# Question on clipping classics for show



## Leeana (Nov 23, 2006)

This past season we clipped our shetlands head fully and did his lower legs only. The color difference was pretty drastic as he is very 'red' and when clipped her turns tan almost. I was told that shetland people do not full body clip. The classic im showing currently will only be shown once here in area 2 next yr and then at congress. Those of you who show classics or foundations, how do you clip yours? I really dont want to just clip his head because it looks really bad but he stays hairy most yr around i noticed. Especially his legs and under his chin and face badly. What size blade do you use on the face/legs? I'm just looking for other options.

Also, i wish i had paid attention this past yr but is it popular to rasor/bald shetlands? Can i see picks of what/where you rasor on a shetland ..or is it the same as a miniature?

If all else fails before congress i may just send him to a trainer for a month right before congress and have them get him ready for congress for me as in conditioning/clipping/grooming ext. I have one in mind up in Michigan who i really like but i want that to be the last option.

Thats him in my avatar, see how dark his coat is and sleek? I dont think there is any right way to blend just clipping his whole head in enough to actually make it look right. I think we can get by with his legs as it looks good, but the when i fully clip his head the color difference looks tacky lol.

Thanks for replies ahead of time!


----------



## disneyhorse (Nov 23, 2006)

If your pony has a nice, tight summer coat I don't think I'd body clip. Otherwise, ponies are body clipped to show.

They don't razor Shetlands.

Andrea


----------



## kaykay (Nov 23, 2006)

leanna if we had done royal earlier i would have just totally body clipped him so he would be all one color. But it was way too close to show time. He does not shed out as thin (and as early) as some shetlands so probably i would totally body clip him once BEFORE show season




then you can just trim his chin.

The other option is to do just his head but do it 2 weeks before a show so hes all one color again. then just clean up long under chin hairs etc.

he is a little trickier as his color changes so drastically. But remember tons of body brushing in the spring will help him shed better. Because most shetlands arent body clipped it requires much more hand brushing.

no razoring in shetlands


----------



## Leeana (Nov 23, 2006)

Thanks you two!





I was thinking about full body clipping him sometime before his first show next season and then body clipping him agian before congress.

I wasnt sure if it was normal to full body clip bc thats what i am really wanting to do but thought i would check first.

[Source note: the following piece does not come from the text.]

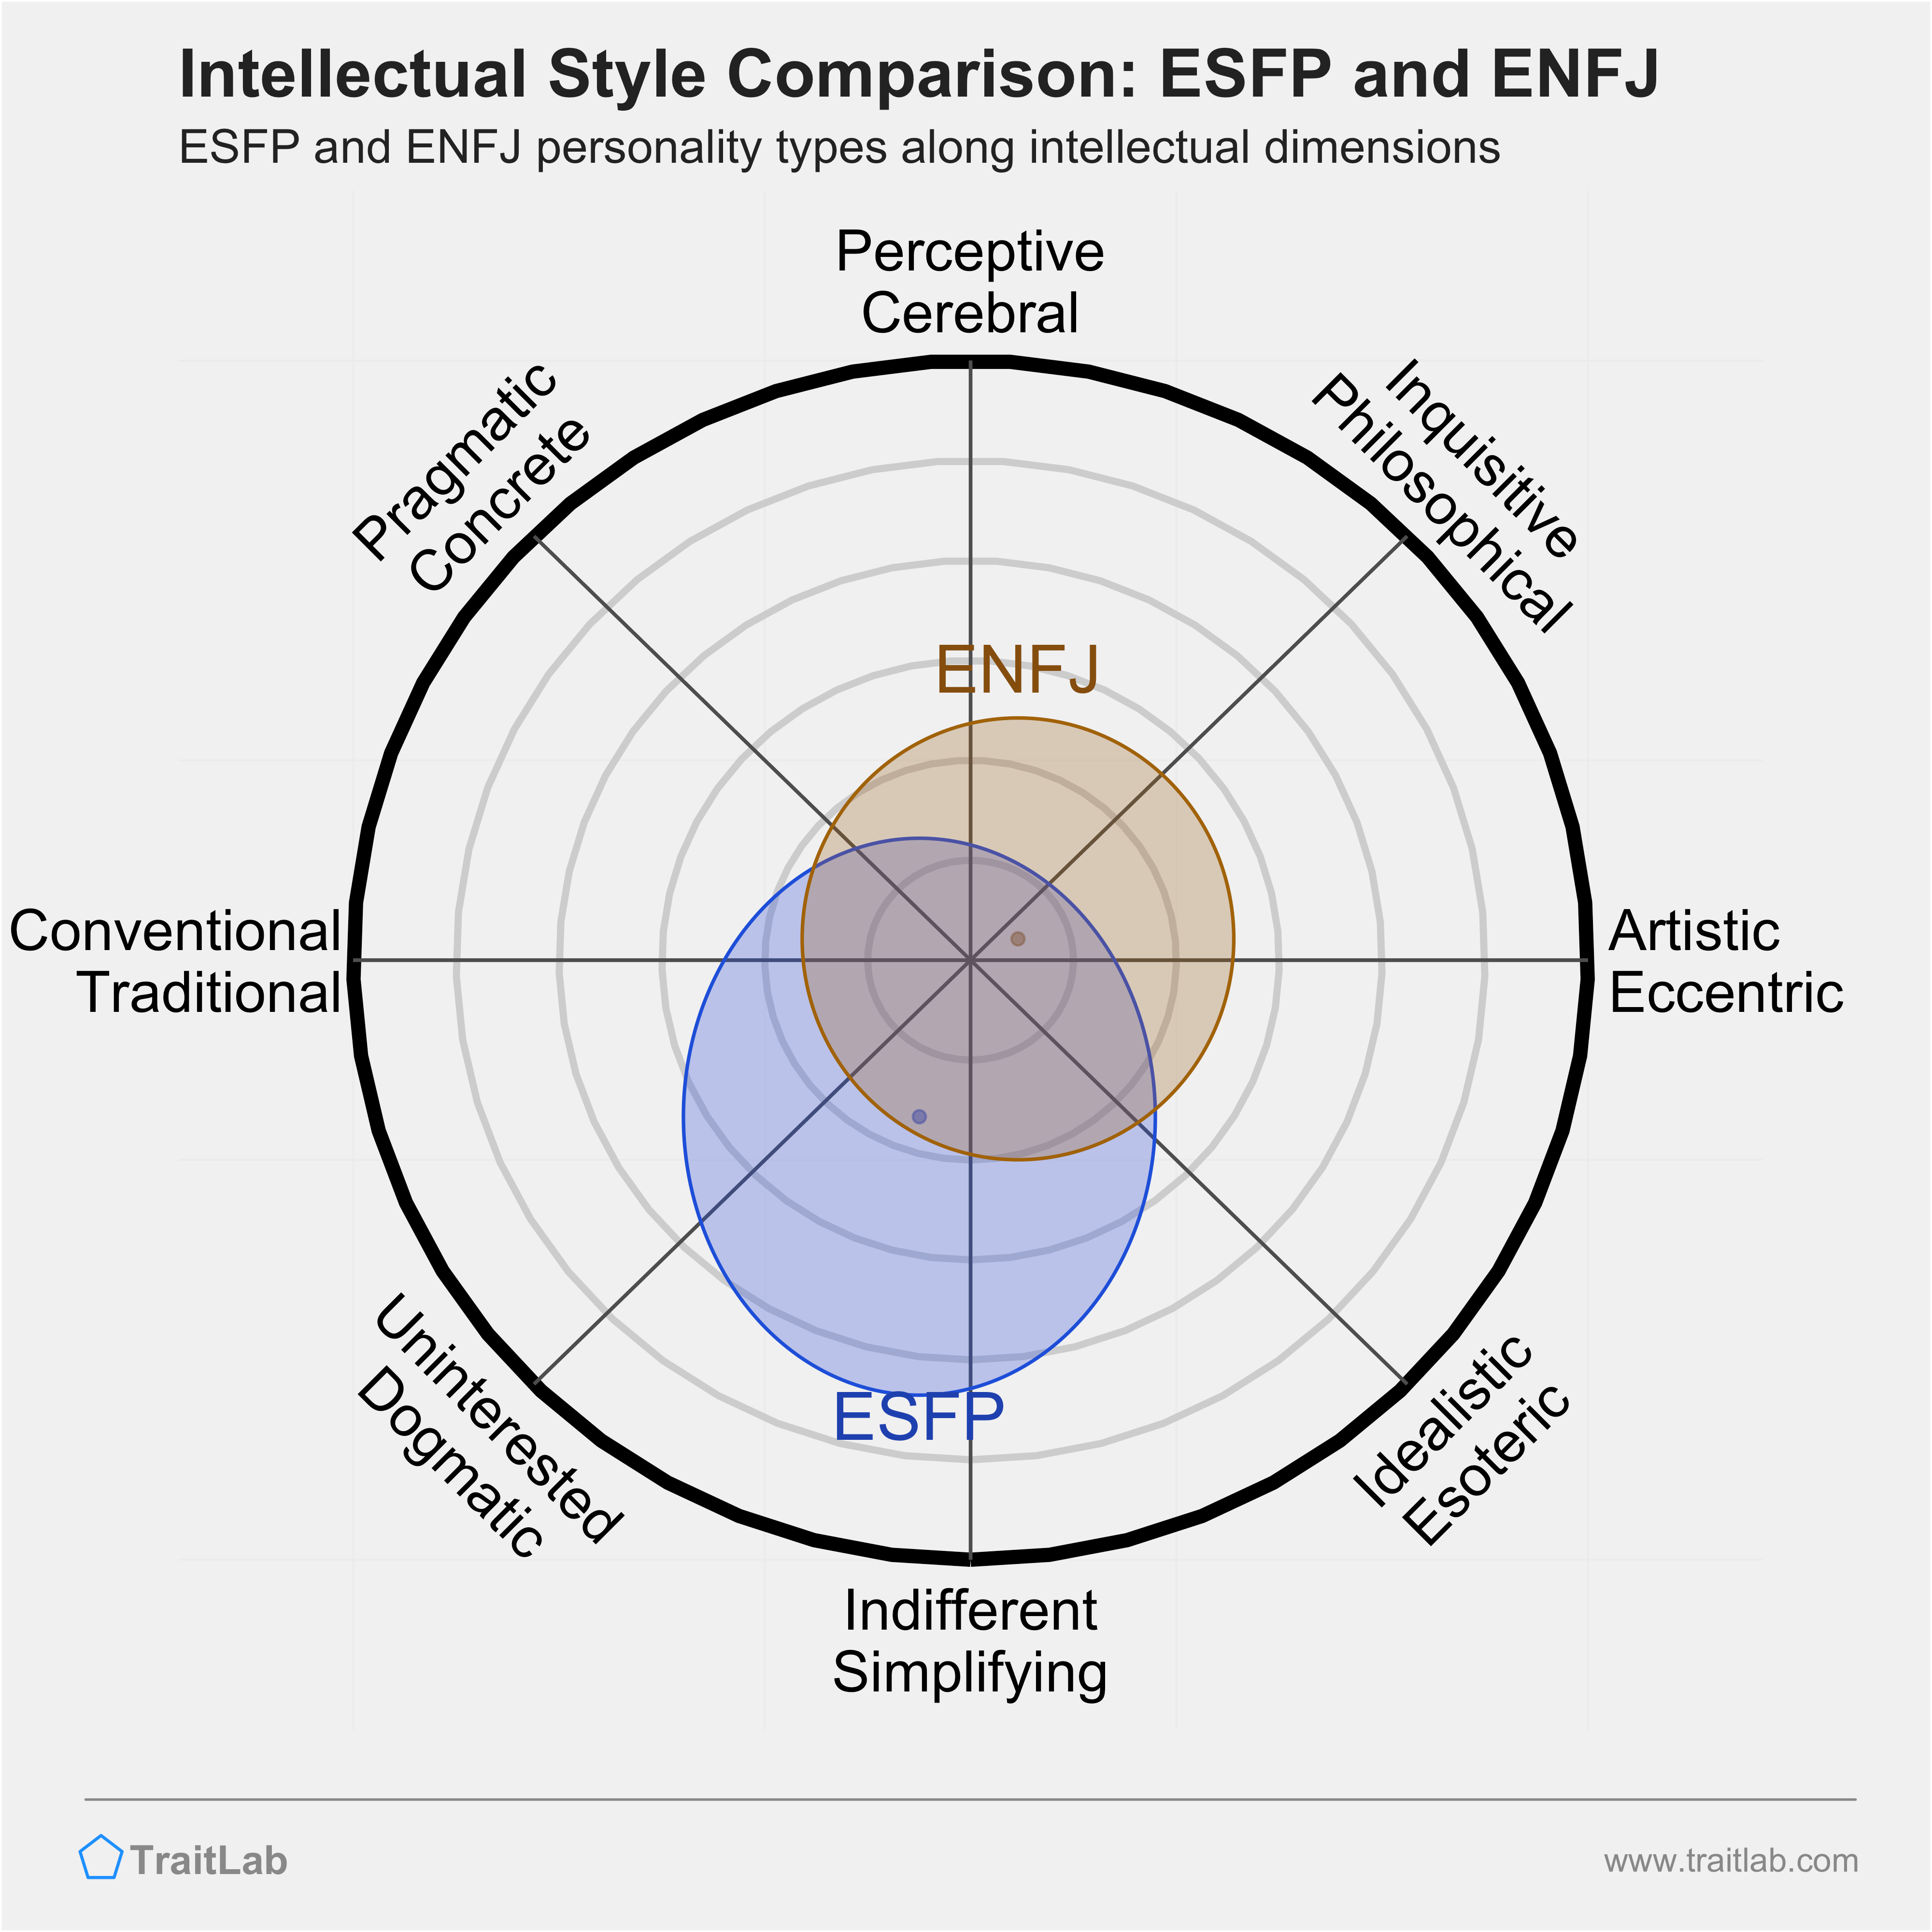 ESFP and ENFJ comparison across intellectual dimensions

We will prob full body clip twice next yr, we may be able to get by w/ just one body clip and then touch ups.


----------



## kaykay (Nov 24, 2006)

i think you just have to go by the particlular horse. patches was never body clipped even once but she sheds out so slick there was no reason to. we just trimmed above each hoof and did her jaw and ears. Never had to really clip her head. but with her bay color you couldnt tell that for example the ears had been done and not the whole head.


----------



## mendocinobackofbeyond (Nov 24, 2006)

Leeana said:


> This past season we clipped our shetlands head fully and did his lower legs only. The color difference was pretty drastic as he is very 'red' and when clipped her turns tan almost. I was told that shetland people do not full body clip. The classic im showing currently will only be shown once here in area 2 next yr and then at congress. Those of you who show classics or foundations, how do you clip yours? I really dont want to just clip his head because it looks really bad but he stays hairy most yr around i noticed. Especially his legs and under his chin and face badly. What size blade do you use on the face/legs? I'm just looking for other options.
> 
> Hi Leena: We always do a full body clip on our show shetlands. There is an excellent video that the office has for sale, put out by Dr. Taylor. I don't remember the name exactly, but someone else may. He goes over the clipping, including the blade sizes. I believe that a No. 10 blade is used on the body with a smaller blade for the head, can't remember the exact size. Surgical? We try to get our ponies clipped three weeks before a show. That gives them time to grow out a little bit of coat (color), yet still look pretty spiffy. Face and feet done again prior to the show. I really suggest that you get that video, has lots of other stuff too, but he does talk quite a bit about clipping. Hope this helps. Ta, Shirlee
> 
> ...


----------



## Lewella (Nov 24, 2006)

The only time I body clip is for Congress. By then here in MN the ponies are already starting to think about developing a winter coat and are no longer sleek looking.

I use a 10 on the head and legs - 30 on the muzzle and over the eyes and blend them to the rest of the head with a 15. The trick with the legs and cheeks is don't clip against the lay of the hair - clip with it. This will just take off the long stuff and not mess with the color dramatically. This also works for taking off those long hairs that some of the ponies like to get on their tummies.



:


----------



## Getitia (Nov 24, 2006)

Leeana

Don't you love Ohio weather? We do body clip our classic shetlands - and unlike miniature judges, shetland judges don't seem to really want to see the "scalped naked' look that is often desired in showing miniatures (or for some - tolerated).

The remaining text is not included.